By Gabriel Webber, a youth worker for LJY-Netzer, the youth movement of Liberal Judaism, which he represents as an elected member of the Board of Deputies. He writes in a personal capacity.
Hamas is a terrorist organisation. Specifically, it makes a habit of committing criminal acts, including against civilians, with the intent to cause death, with the purpose of provoking a state of terror in the general public and compelling a government to do or to abstain from doing certain acts, which is how the UN defines terrorism.
So, how come the Court of Justice of the European Union was able to order such an organisation to be removed from the EU list of terrorist groups?
If you look at Twitter and Facebook you could be forgiven for getting the impression that the EU has just found Hamas to be an honourable organisation, and that its judges hates Jews.
These are ill-informed slurs.
British people seem to have a real problem with reporting legal rulings correctly.
It is all too common to vilify the decision-taker without having a clue about the evidence or the legal issues.
The European Court of Human Rights is the most obvious example, but it also happened prominently with the Mark Duggan inquest last year: the press went to town arguing that the ‘lawful killing’ verdict was “wrong”, but how many commentators heard the several weeks’ worth of evidence that the jury did?

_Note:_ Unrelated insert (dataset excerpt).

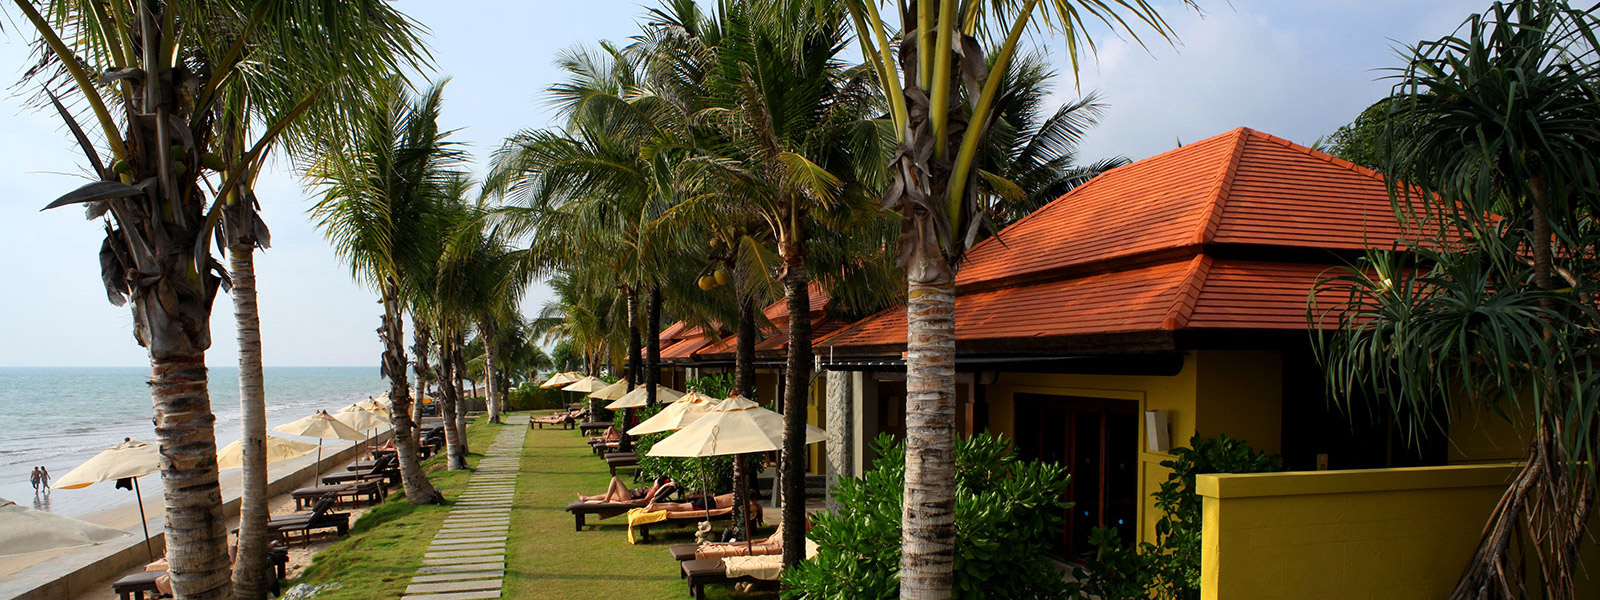 Chongfah Resort Khao Lak - Accommodation Seaview Bungalow

The Hamas judgment is admittedly not a joy to read. It’s full of dense legal prose and it doesn’t help that it refers to European laws by number rather than by name. But I managed to wade through it, and the upshot is: the court has not ruled that Hamas aren’t terrorists.
What they said was that the decision to classify them as terrorists did not follow the proper procedure.
Specifically, decisions to classify groups as terrorist organisations must state their reasoning. This is only fair in a democratic system where political groups are being banned, and chimes with halacha – which requires batei din to provide written reasons for their decisions when there are likely to be doubts about the integrity of the process.
Sadly, when the European Commission proscribed Hamas, their reasoning was not precise enough.
It was, the court says, “a general and stereotypical formulation” based on the plain definition of terrorism – along the lines of the first paragraph of this article – and did not contain specific factual evidence to show that Hamas engages in terrorism.
When the Commission can put this evidence together, which seems unlikely to take too much effort, Hamas can go back on the banned list.
I think there are three messages to take from this.
The first point is that, fortunately for us, the Court of Justice of the European Union did not make its ruling this week because it hates Jews.
The second is that everyone benefits from a fair and impartial legal system. The Maharal of Prague wrote, “That we sometimes free guilty people is not significant. What is critical is preserving justice.” The European Commission was lazy with its reasoning so its decision was overturned, and just as well because what if their lack of evidence had actually perpetrated an injustice against an innocent organisation? It could have done unless the courts had the power to reverse it.
The third is about informed decision-taking. The banning of Hamas was a sensible decision – because they are plainly terrorists – but not an informed one, because it did not demonstrate sufficient evidence.
The vilification, by some parts of the Jewish community, of the EU Court for ruling that Hamas isn’t a terrorist group, was not properly informed either. It was a slur thrown about by people who hadn’t read the judgment and who didn’t understand the issues.
Acting before one has the facts is never a good plan, as hopefully this saga has reinforced for everybody.